Context	Check	Description
bpf/vmtest-bpf-next	fail	VM_Test
bpf/vmtest-bpf-next-PR	fail	PR summary
netdev/tree_selection	success	Guessing tree name failed - patch did not apply, async

Context

Check

Description

bpf/vmtest-bpf-next

fail

VM_Test

bpf/vmtest-bpf-next-PR

fail

PR summary

netdev/tree_selection

success

Guessing tree name failed - patch did not apply, async

Commit Message

Jiri Olsa Feb. 2, 2022, 1:53 p.m. UTC

Adding new link type BPF_LINK_TYPE_FPROBE that attaches kprobe program
through fprobe API.

The fprobe API allows to attach probe on multiple functions at once very
fast, because it works on top of ftrace. On the other hand this limits
the probe point to the function entry or return.
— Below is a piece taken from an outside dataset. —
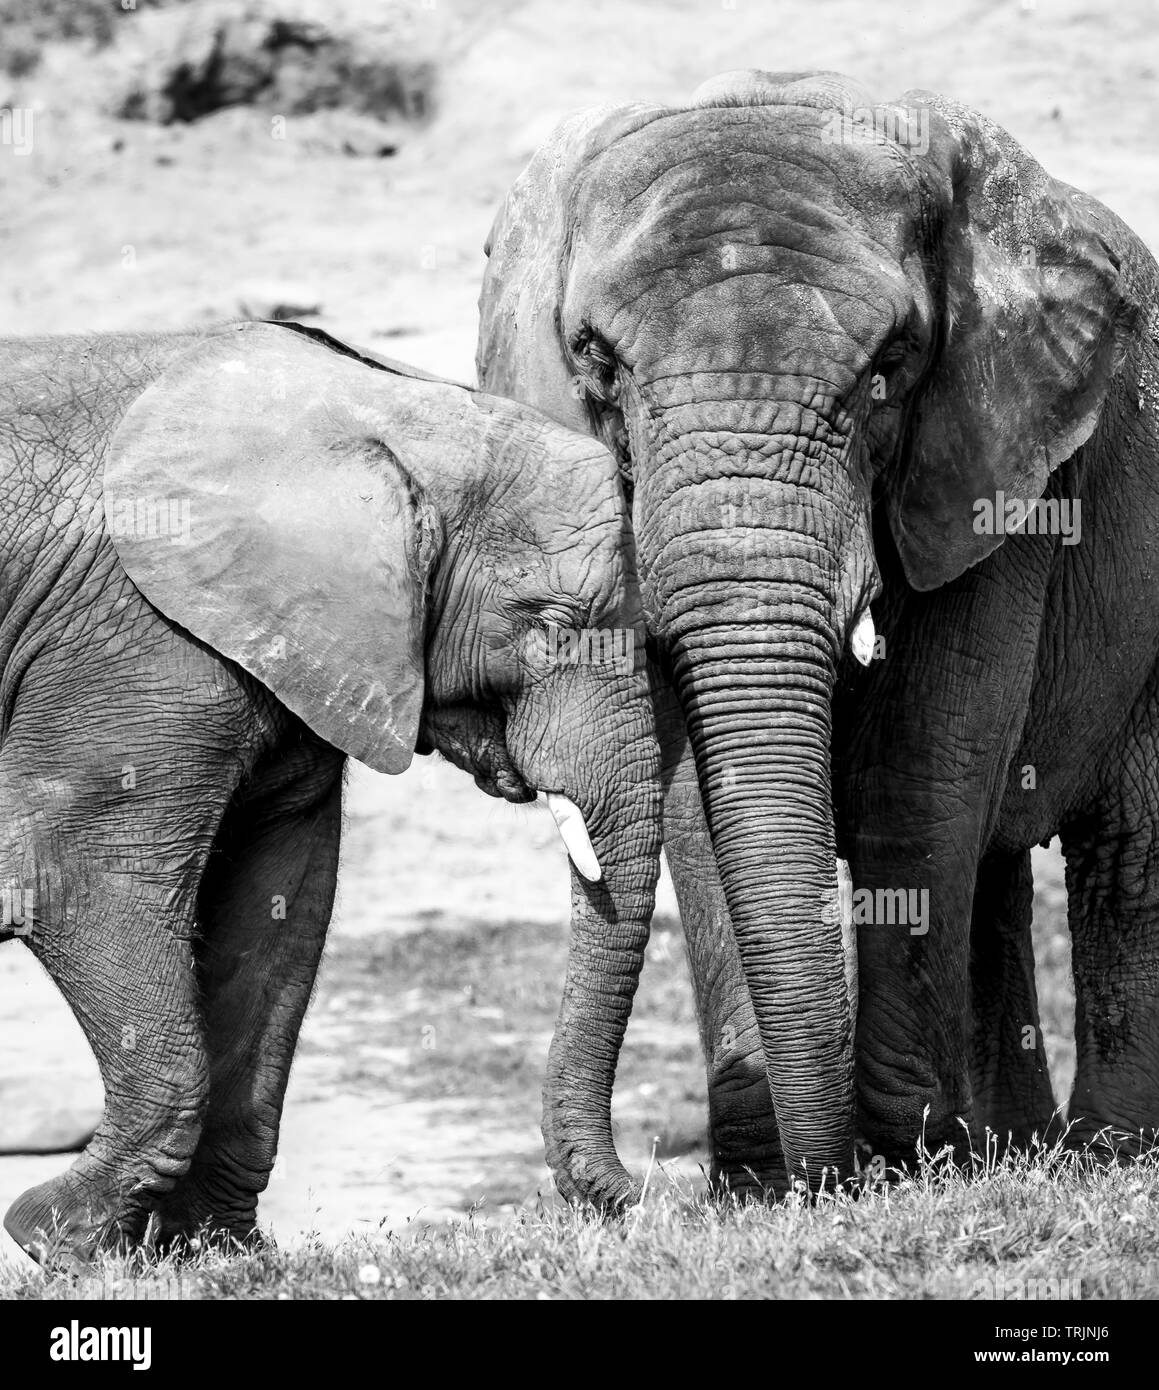 Schwarz-Weiß Nahaufnahme zeigt starke Zuneigung, Bindung, Liebe zwischen afrikanischem Elefantenkalb und seiner Mutter (Loxodonta) zusammen. Stockfoto
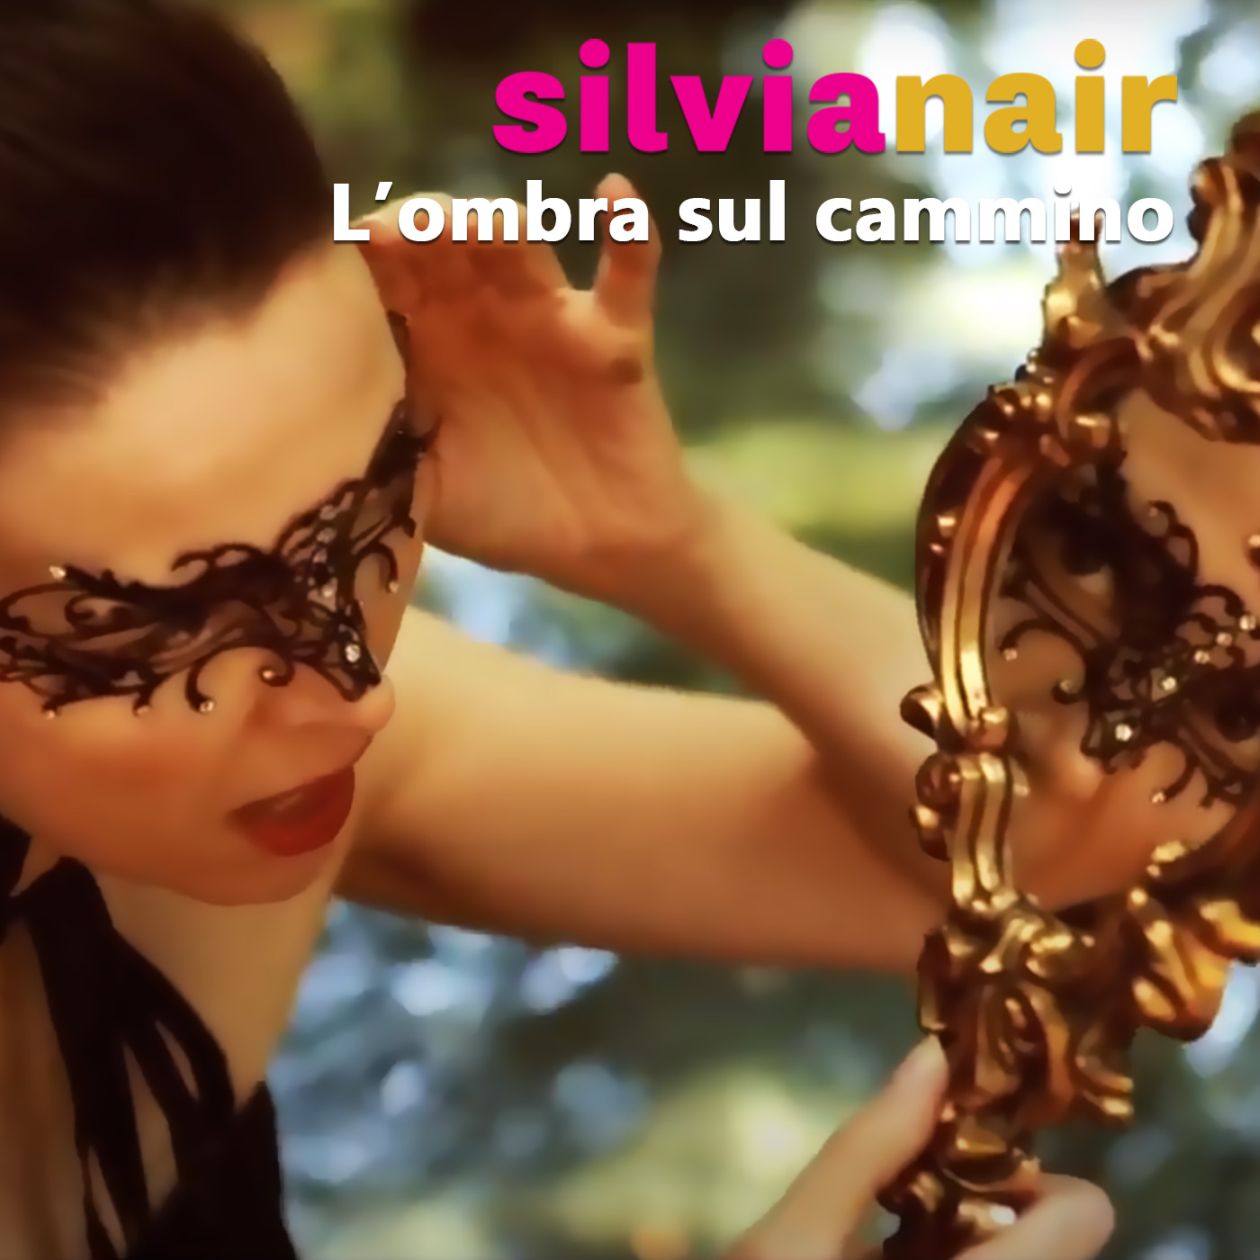 SILVIA NAIR venerdì 18 settembre esce in radio e in digitale L'OMBRA SUL CAMMINO secondo singolo che anticipa il nuovo album di inediti Luci e Ombre, in uscita il 9 ottobre.

The kprobe program gets the same pt_regs input ctx as when it's attached
through the perf API.

Adding new attach type BPF_TRACE_FPROBE that enables such link for kprobe
program.

User provides array of addresses or symbols with count to attach the kprobe
program to. The new link_create uapi interface looks like:

  struct {
          __aligned_u64   syms;
          __aligned_u64   addrs;
          __u32           cnt;
          __u32           flags;
  } fprobe;

The flags field allows single BPF_F_FPROBE_RETURN bit to create return fprobe.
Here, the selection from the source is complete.